> YOUR TASK:
Working from the entries that follow, retype each one without any alteration.

****

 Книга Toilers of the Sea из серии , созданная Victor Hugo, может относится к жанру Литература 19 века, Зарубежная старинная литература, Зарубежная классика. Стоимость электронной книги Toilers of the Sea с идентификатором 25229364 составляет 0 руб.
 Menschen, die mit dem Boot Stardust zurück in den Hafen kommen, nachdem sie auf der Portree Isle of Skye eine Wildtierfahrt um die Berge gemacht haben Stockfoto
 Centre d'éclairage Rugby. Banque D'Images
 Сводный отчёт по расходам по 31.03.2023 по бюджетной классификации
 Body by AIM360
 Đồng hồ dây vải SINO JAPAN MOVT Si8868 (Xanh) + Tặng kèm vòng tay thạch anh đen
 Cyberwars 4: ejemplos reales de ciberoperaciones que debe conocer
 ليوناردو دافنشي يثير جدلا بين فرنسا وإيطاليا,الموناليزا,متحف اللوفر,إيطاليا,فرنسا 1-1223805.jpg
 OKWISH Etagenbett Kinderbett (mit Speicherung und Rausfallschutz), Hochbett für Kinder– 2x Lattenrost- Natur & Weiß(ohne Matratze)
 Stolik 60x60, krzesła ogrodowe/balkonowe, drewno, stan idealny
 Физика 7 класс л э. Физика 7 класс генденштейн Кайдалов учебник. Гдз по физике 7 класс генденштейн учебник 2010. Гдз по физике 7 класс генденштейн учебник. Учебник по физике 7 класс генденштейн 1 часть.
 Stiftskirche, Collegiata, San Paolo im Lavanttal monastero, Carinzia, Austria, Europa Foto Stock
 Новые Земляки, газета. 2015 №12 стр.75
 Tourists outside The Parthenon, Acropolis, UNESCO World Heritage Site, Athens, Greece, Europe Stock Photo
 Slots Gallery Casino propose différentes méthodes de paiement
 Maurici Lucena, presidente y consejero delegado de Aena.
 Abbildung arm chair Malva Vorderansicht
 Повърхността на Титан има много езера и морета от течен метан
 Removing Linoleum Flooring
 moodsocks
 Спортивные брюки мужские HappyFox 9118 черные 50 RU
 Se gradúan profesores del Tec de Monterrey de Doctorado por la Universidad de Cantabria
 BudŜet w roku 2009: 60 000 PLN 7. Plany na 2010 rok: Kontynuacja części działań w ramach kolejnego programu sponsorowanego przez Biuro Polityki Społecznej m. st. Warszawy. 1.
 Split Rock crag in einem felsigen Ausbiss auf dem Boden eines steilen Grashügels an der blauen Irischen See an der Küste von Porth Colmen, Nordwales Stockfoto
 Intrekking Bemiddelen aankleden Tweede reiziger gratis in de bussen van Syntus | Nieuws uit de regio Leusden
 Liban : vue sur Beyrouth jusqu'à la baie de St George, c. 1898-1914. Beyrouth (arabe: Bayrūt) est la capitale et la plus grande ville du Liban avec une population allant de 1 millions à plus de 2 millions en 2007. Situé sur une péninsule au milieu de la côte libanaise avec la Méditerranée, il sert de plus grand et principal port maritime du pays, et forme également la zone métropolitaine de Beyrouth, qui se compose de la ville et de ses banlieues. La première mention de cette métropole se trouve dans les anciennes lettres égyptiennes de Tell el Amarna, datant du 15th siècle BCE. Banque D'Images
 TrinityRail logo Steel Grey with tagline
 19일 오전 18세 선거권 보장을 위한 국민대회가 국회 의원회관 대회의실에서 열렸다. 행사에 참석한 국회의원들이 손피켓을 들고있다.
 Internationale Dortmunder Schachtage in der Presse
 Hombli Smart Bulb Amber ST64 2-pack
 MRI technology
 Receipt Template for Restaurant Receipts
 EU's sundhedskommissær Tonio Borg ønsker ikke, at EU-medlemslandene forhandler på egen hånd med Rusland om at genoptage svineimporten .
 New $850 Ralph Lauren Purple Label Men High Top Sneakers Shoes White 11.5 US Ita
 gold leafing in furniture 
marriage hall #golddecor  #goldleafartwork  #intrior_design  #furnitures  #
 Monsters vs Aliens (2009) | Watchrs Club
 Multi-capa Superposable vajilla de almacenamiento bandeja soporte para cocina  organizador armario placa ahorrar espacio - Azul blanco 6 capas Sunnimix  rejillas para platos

****

> RESULT:
 Книга Toilers of the Sea из серии , созданная Victor Hugo, может относится к жанру Литература 19 века, Зарубежная старинная литература, Зарубежная классика. Стоимость электронной книги Toilers of the Sea с идентификатором 25229364 составляет 0 руб.
 Menschen, die mit dem Boot Stardust zurück in den Hafen kommen, nachdem sie auf der Portree Isle of Skye eine Wildtierfahrt um die Berge gemacht haben Stockfoto
 Centre d'éclairage Rugby. Banque D'Images
 Сводный отчёт по расходам по 31.03.2023 по бюджетной классификации
 Body by AIM360
 Đồng hồ dây vải SINO JAPAN MOVT Si8868 (Xanh) + Tặng kèm vòng tay thạch anh đen
 Cyberwars 4: ejemplos reales de ciberoperaciones que debe conocer
 ليوناردو دافنشي يثير جدلا بين فرنسا وإيطاليا,الموناليزا,متحف اللوفر,إيطاليا,فرنسا 1-1223805.jpg
 OKWISH Etagenbett Kinderbett (mit Speicherung und Rausfallschutz), Hochbett für Kinder– 2x Lattenrost- Natur & Weiß(ohne Matratze)
 Stolik 60x60, krzesła ogrodowe/balkonowe, drewno, stan idealny
 Физика 7 класс л э. Физика 7 класс генденштейн Кайдалов учебник. Гдз по физике 7 класс генденштейн учебник 2010. Гдз по физике 7 класс генденштейн учебник. Учебник по физике 7 класс генденштейн 1 часть.
 Stiftskirche, Collegiata, San Paolo im Lavanttal monastero, Carinzia, Austria, Europa Foto Stock
 Новые Земляки, газета. 2015 №12 стр.75
 Tourists outside The Parthenon, Acropolis, UNESCO World Heritage Site, Athens, Greece, Europe Stock Photo
 Slots Gallery Casino propose différentes méthodes de paiement
 Maurici Lucena, presidente y consejero delegado de Aena.
 Abbildung arm chair Malva Vorderansicht
 Повърхността на Титан има много езера и морета от течен метан
 Removing Linoleum Flooring
 moodsocks
 Спортивные брюки мужские HappyFox 9118 черные 50 RU
 Se gradúan profesores del Tec de Monterrey de Doctorado por la Universidad de Cantabria
 BudŜet w roku 2009: 60 000 PLN 7. Plany na 2010 rok: Kontynuacja części działań w ramach kolejnego programu sponsorowanego przez Biuro Polityki Społecznej m. st. Warszawy. 1.
 Split Rock crag in einem felsigen Ausbiss auf dem Boden eines steilen Grashügels an der blauen Irischen See an der Küste von Porth Colmen, Nordwales Stockfoto
 Intrekking Bemiddelen aankleden Tweede reiziger gratis in de bussen van Syntus | Nieuws uit de regio Leusden
 Liban : vue sur Beyrouth jusqu'à la baie de St George, c. 1898-1914. Beyrouth (arabe: Bayrūt) est la capitale et la plus grande ville du Liban avec une population allant de 1 millions à plus de 2 millions en 2007. Situé sur une péninsule au milieu de la côte libanaise avec la Méditerranée, il sert de plus grand et principal port maritime du pays, et forme également la zone métropolitaine de Beyrouth, qui se compose de la ville et de ses banlieues. La première mention de cette métropole se trouve dans les anciennes lettres égyptiennes de Tell el Amarna, datant du 15th siècle BCE. Banque D'Images
 TrinityRail logo Steel Grey with tagline
 19일 오전 18세 선거권 보장을 위한 국민대회가 국회 의원회관 대회의실에서 열렸다. 행사에 참석한 국회의원들이 손피켓을 들고있다.
 Internationale Dortmunder Schachtage in der Presse
 Hombli Smart Bulb Amber ST64 2-pack
 MRI technology
 Receipt Template for Restaurant Receipts
 EU's sundhedskommissær Tonio Borg ønsker ikke, at EU-medlemslandene forhandler på egen hånd med Rusland om at genoptage svineimporten .
 New $850 Ralph Lauren Purple Label Men High Top Sneakers Shoes White 11.5 US Ita
 gold leafing in furniture 
marriage hall #golddecor  #goldleafartwork  #intrior_design  #furnitures  #
 Monsters vs Aliens (2009) | Watchrs Club
 Multi-capa Superposable vajilla de almacenamiento bandeja soporte para cocina  organizador armario placa ahorrar espacio - Azul blanco 6 capas Sunnimix  rejillas para platos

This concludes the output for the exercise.